Netanjahu-Besuch in Deutschland Merz will internationalen Haftbefehl ignorieren
24.02.2025, 17:52 Uhr Artikel anhören
Der Internationale Strafgerichtshof widersprach Merz deutlich.
(Foto: IMAGO/)
Wegen des Kriegs im Gazastreifen hat der Internationale Strafgerichtshof Haftbefehle erlassen, unter anderem gegen Israels Ministerpräsidenten Netanjahu. CDU-Boss Merz will diesen jedoch nicht anwenden, wenn Netanjahu Deutschland besucht. Linke-Chef van Aken findet das katastrophal.
Unions-Kanzlerkandidat Friedrich Merz hält einen Deutschland-Besuch des israelischen Ministerpräsidenten Benjamin Netanjahu trotz eines Haftbefehls des Internationalen Strafgerichtshof (IStGH) wegen mutmaßlicher Kriegsverbrechen im Gaza-Krieg für möglich. Er habe Netanjahu in einem Telefonat am Sonntag zugesagt, dass man für den Fall eines Besuchs "Mittel und Wege finden werde, dass er Deutschland besuchen und auch wieder verlassen kann, ohne dass er in Deutschland festgenommen worden ist", sagte der Gewinner der Bundestagswahl und wahrscheinliche nächste Bundeskanzler am Tag danach in Berlin.
Der Internationale Strafgerichtshof (IStGH) hatte vor dem Hintergrund des Krieges im Gazastreifen im November Haftbefehle gegen Netanjahu sowie gegen den ehemaligen israelischen Verteidigungsminister Joav Galant und Hamas-Militärchef Mohammed Deif erlassen. Ihnen werden Verbrechen gegen die Menschlichkeit und Kriegsverbrechen vorgeworfen. Die 124 IStGH-Mitgliedstaaten - zu denen etwa Deutschland und Frankreich, nicht aber Israel und die USA zählen - müssten demnach Netanjahu festnehmen, sobald er ihr Territorium betritt.
"Ich halte es für eine ganz abwegige Vorstellung, dass ein israelischer Ministerpräsident die Bundesrepublik Deutschland nicht besuchen kann", betonte Merz. Netanjahus Büro in Jerusalem teilte mit, der Ministerpräsident habe Merz zu dessen Wahlsieg gratuliert. Merz habe Netanjahu nach Deutschland eingeladen, trotz der "skandalösen Entscheidung des Internationalen Strafgerichtshofs, den Ministerpräsidenten als Kriegsverbrecher zu bezeichnen". Deutschland gehört zu den Unterzeichnern des Statuts des Gerichtshofs und müsste sich eigentlich an dessen Vorgaben halten.

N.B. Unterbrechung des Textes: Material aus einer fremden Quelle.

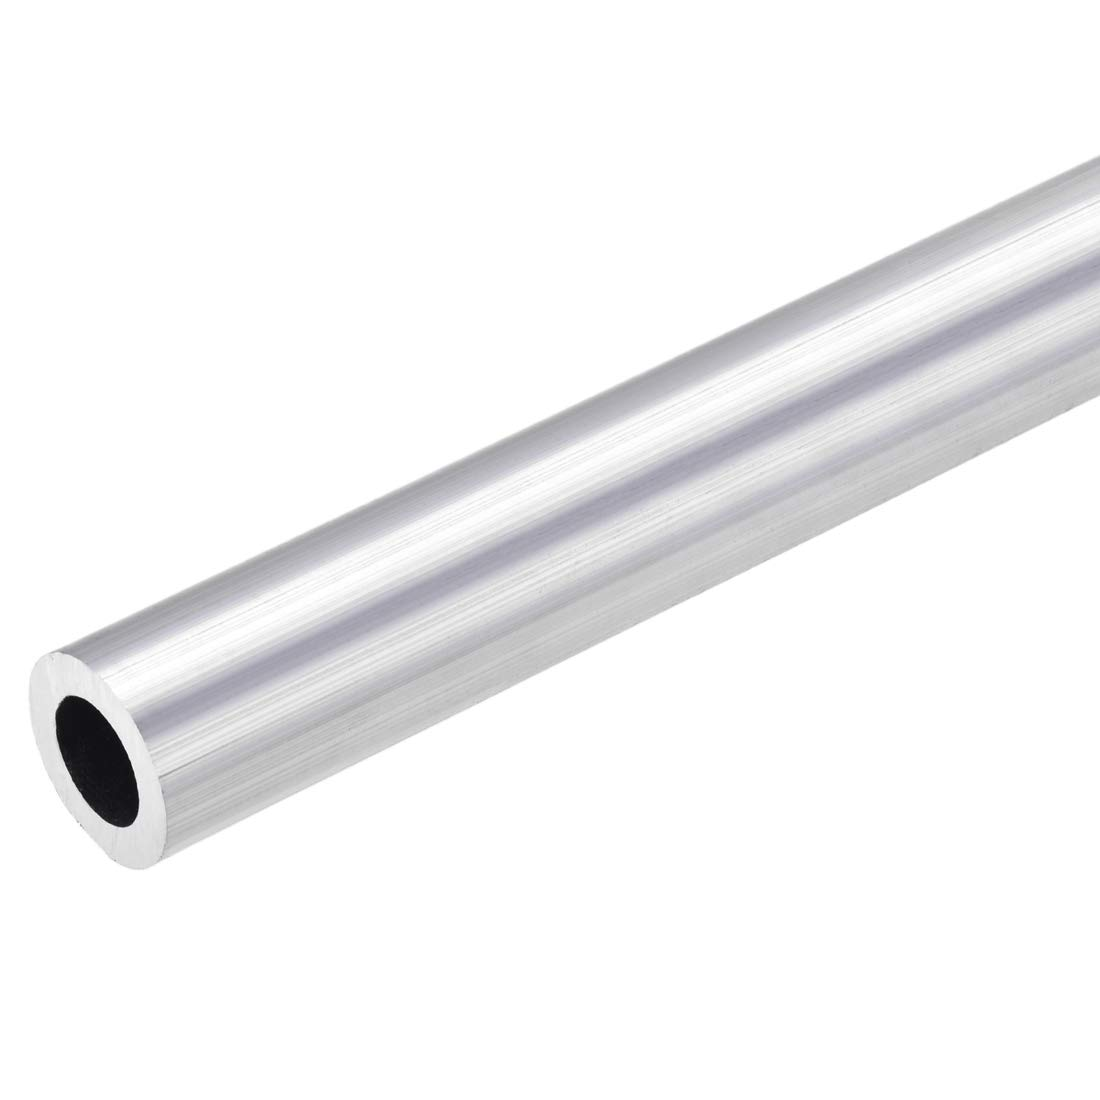 uxcell 6063 Aluminum Round Tube 23mm OD 14mm Inner Dia 300mm Length Seamless Straight Tubing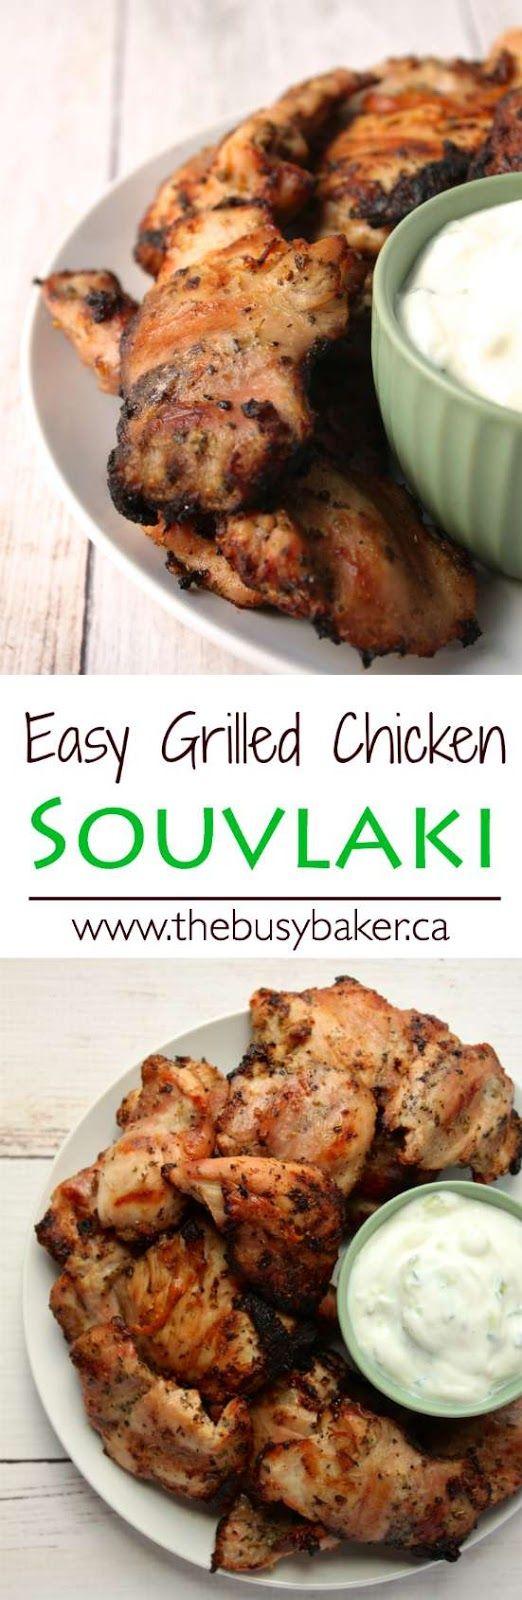 The Busy Baker: Grilled Chicken Souvlaki

Dürfte auch Putin dann Deutschland besuchen?
Entsprechend reagierte der Den Haager Gerichtshof. Es sei nicht Sache von Mitgliedstaaten, die Entscheidungen des Gerichts einseitig zu beurteilen. Nach dem Römischen Statut sei es verpflichtend, die Entscheidungen anzuerkennen und umzusetzen.
Dagegen erklärte Linken-Spitzenkandidat Jan van Aken: "Wenn Netanjahu nach Deutschland kommt, muss er natürlich verhaftet werden. Das ist Völkerrecht." Ein internationaler Haftbefehl "muss umgesetzt werden". Offensichtlich mit Blick auf einen auch gegen Russlands Präsident Wladimir Putin bestehenden IStGH-Haftbefehl setzte der Linken-Politiker hinzu: "Mit zweierlei Maß zu messen, ist eine Katastrophe." Zugleich betonte van Aken, dass Israels Existenzrecht "unverhandelbar" sei.
In Israel hieß es, Netanjahu habe mit Merz ein herzliches Telefongespräch geführt. "Merz bedankte sich bei dem Ministerpräsidenten für dessen Anruf und sagte, er werde ihn zu einem offiziellen Besuch nach Deutschland einladen", erklärte das Büro von Netanjahu. Merz stelle sich damit offen gegen die "skandalöse Entscheidung" des IStGH, "den Ministerpräsidenten als Kriegsverbrecher zu bezeichnen", hieß es weiter. Israel hat beim IStGH Berufung gegen die Haftbefehle für Netanjahu und Galant angekündigt. Vorwürfe, Kriegsverbrechen in dem Konflikt mit den Palästinensern im Gazastreifen begangen zu haben, weist Israel zurück.